C. Some of the essays offer us a glimpse of women's lives that is bigger, broader, more meaningful, and more inclusive than in much of the rest of the report. Anna Deavere Smith, in "Goals and Values;" Miriam W. Yeung, in "Lusty;" and Malika Sada Saar, in "Don't Make This Bridge Our Back," all recognize that our interpersonal lives do not stop at the nuclear family's edge.
• Smith hopes for greater "imagination about extending circles of care beyond me and mine."
• Yeung expresses her "deep appreciation for the ways networks of friends come together as chosen family to take care of each other."
• Saar points out that there are "organic networks that ought to be nurtured" and urges us to "turn to each other as women, across the divides of race, ethnicity, and income." Her focus is on co-mothering, but I think a similar call would be a welcome sound to many other women as well.
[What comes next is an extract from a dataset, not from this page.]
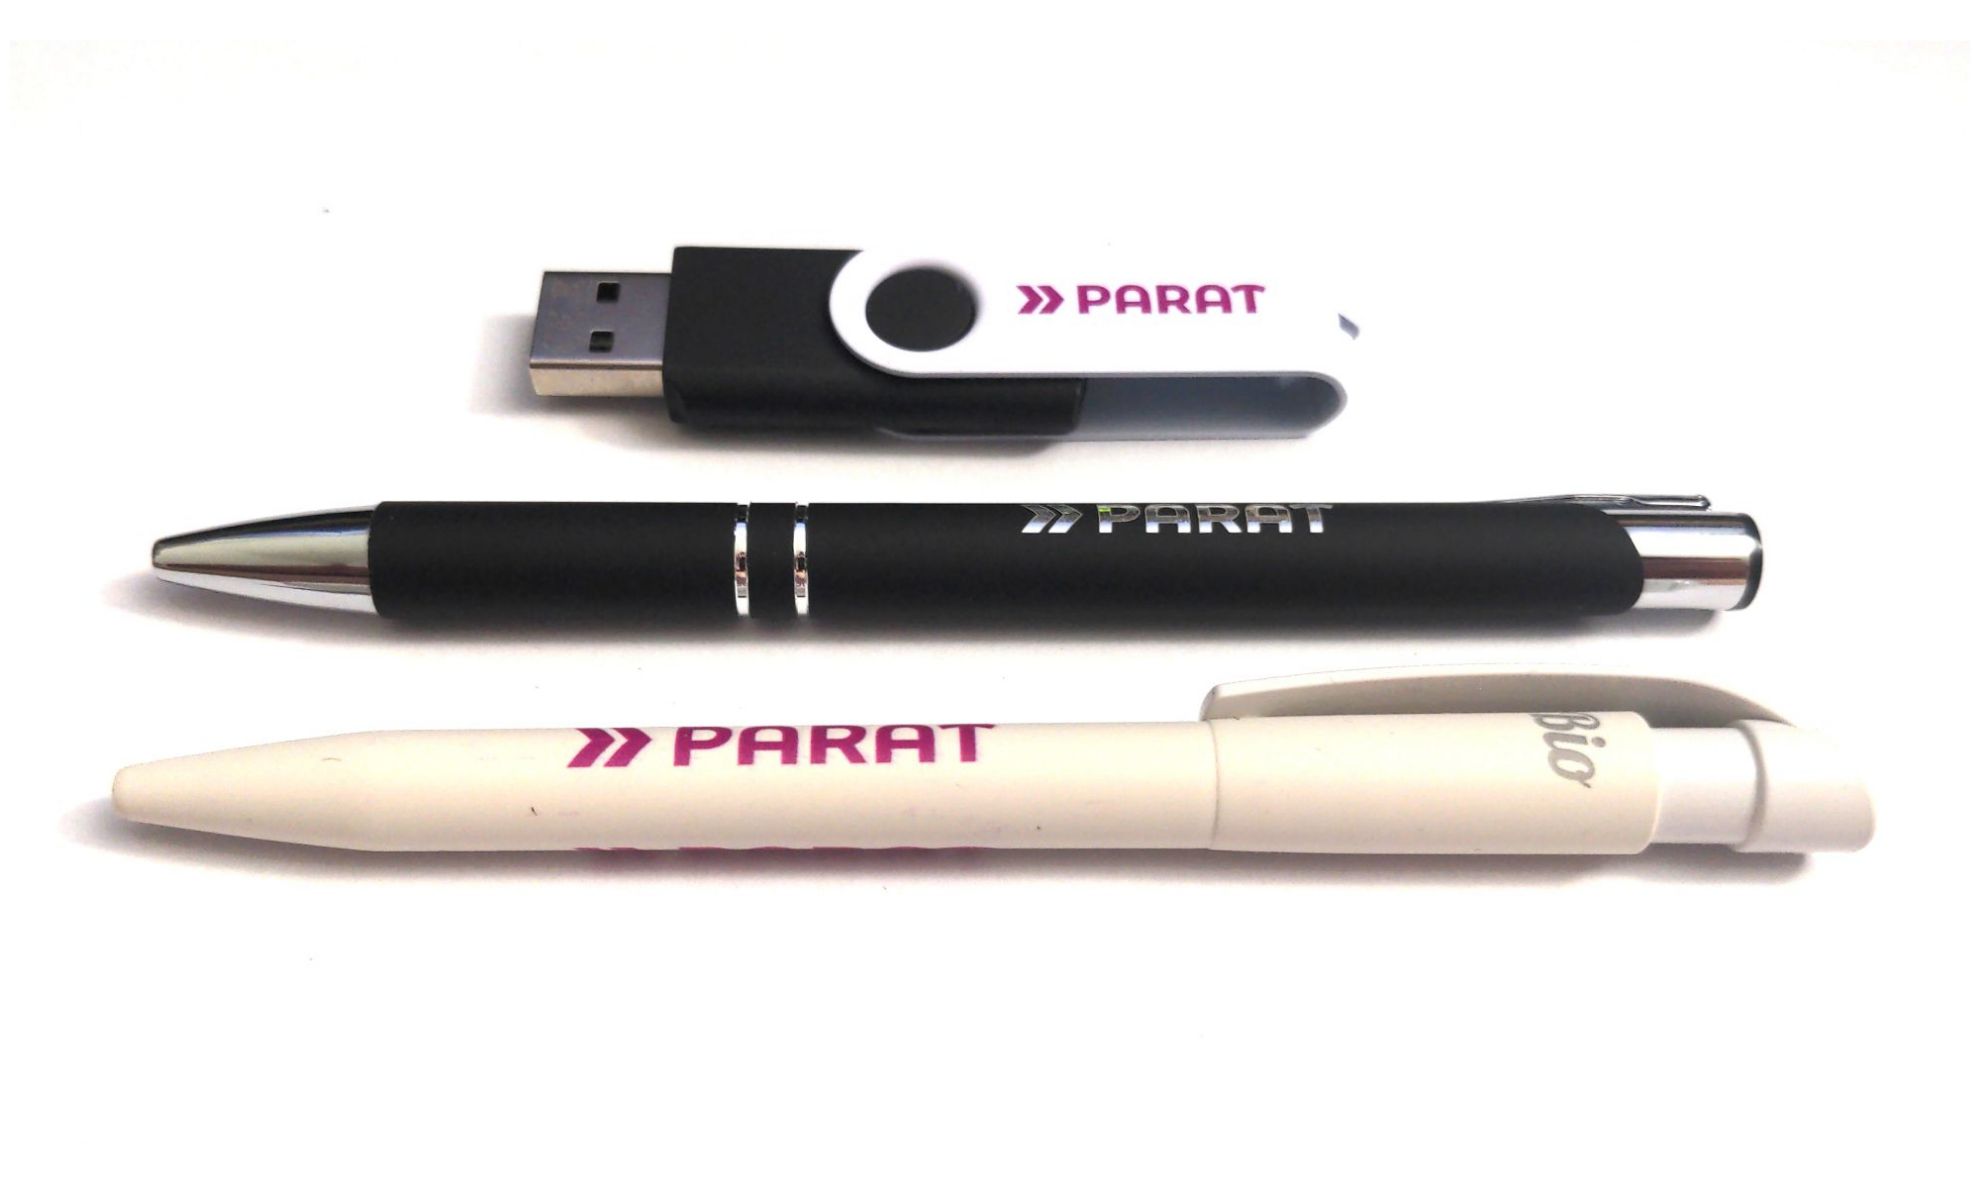 USB-Stick und zwei Kugelschreiber jeweils mit PARAT-Logo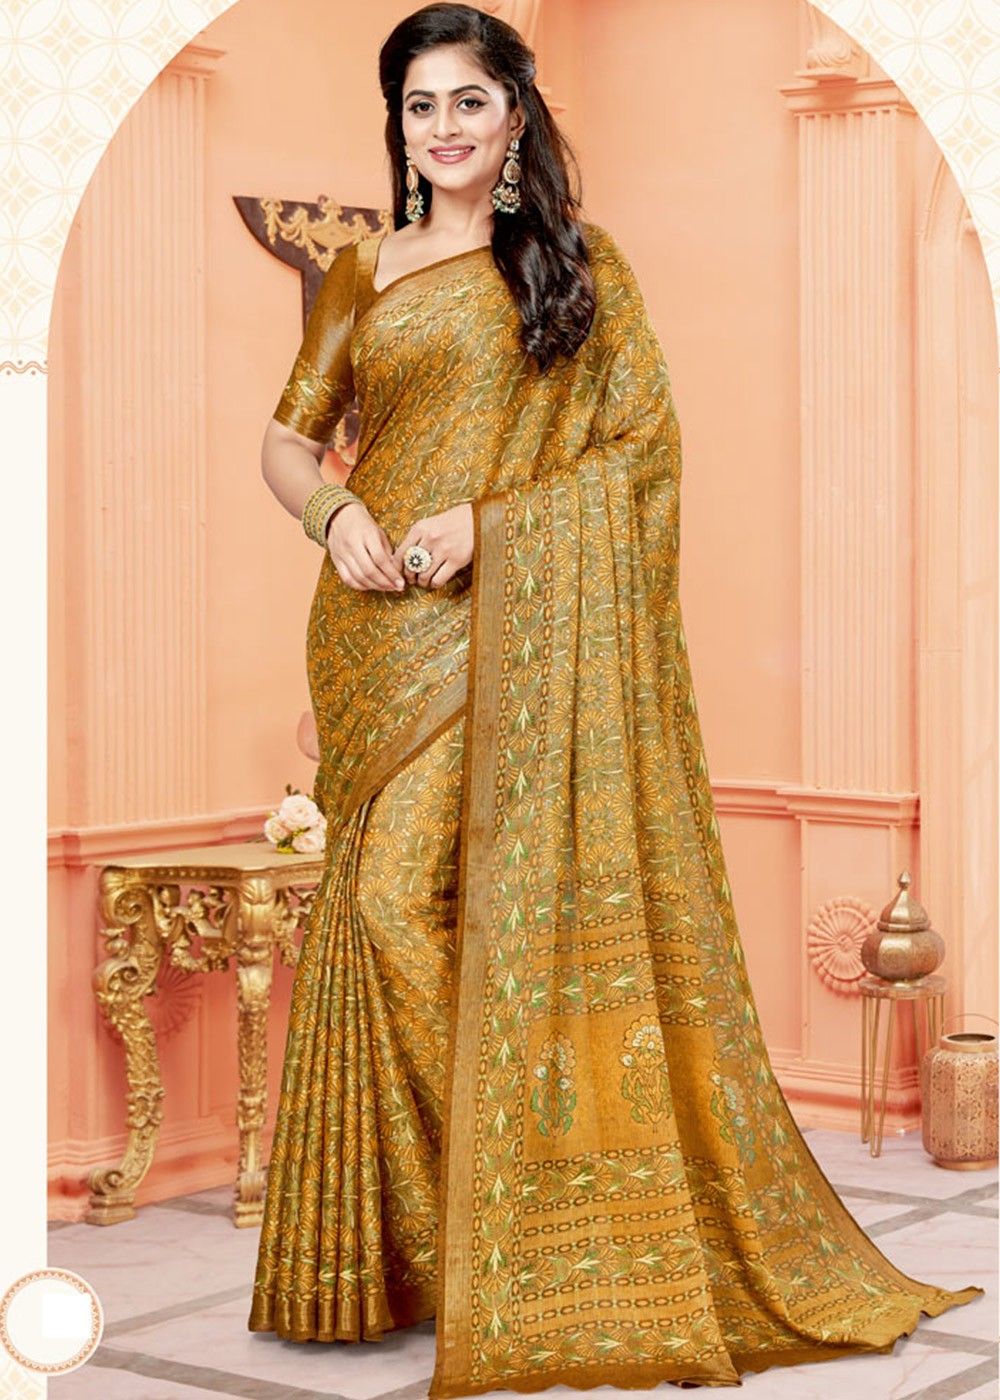 Aggregate 80+ golden print saree latest

D. On a different theme, Suze Orman, in "Money Matters," takes a shot at intensive parenting and the mommy myth by offering this piece of advice: "Women need to feel great about using their hard-earned money to fund a Roth IRA rather than using the money to buy more things their already cared-for kids don't really need." (Personally, I love to spoil my niece and nephews; still, point taken.)

VI. Final Word

In her review and critique of the Shriver Report at the Women's Media Center, Gloria Steinem proclaimed that "anyone with a stake in increased equality also has a stake in the success of The Shriver Report." I, too, share Steinem's hope that "government and business will have to adjust policies to meet women's needs as parents and workers in order to keep the economy going, and also that more men will get accustomed to women as indispensable co-workers and co-breadwinners, and thus increase their share of the housework and childcare." But really, you're Gloria Steinem. Isn't the goal of honoring the many meaningful ways of leading a life at least as important as getting men to do more dishes and diapers?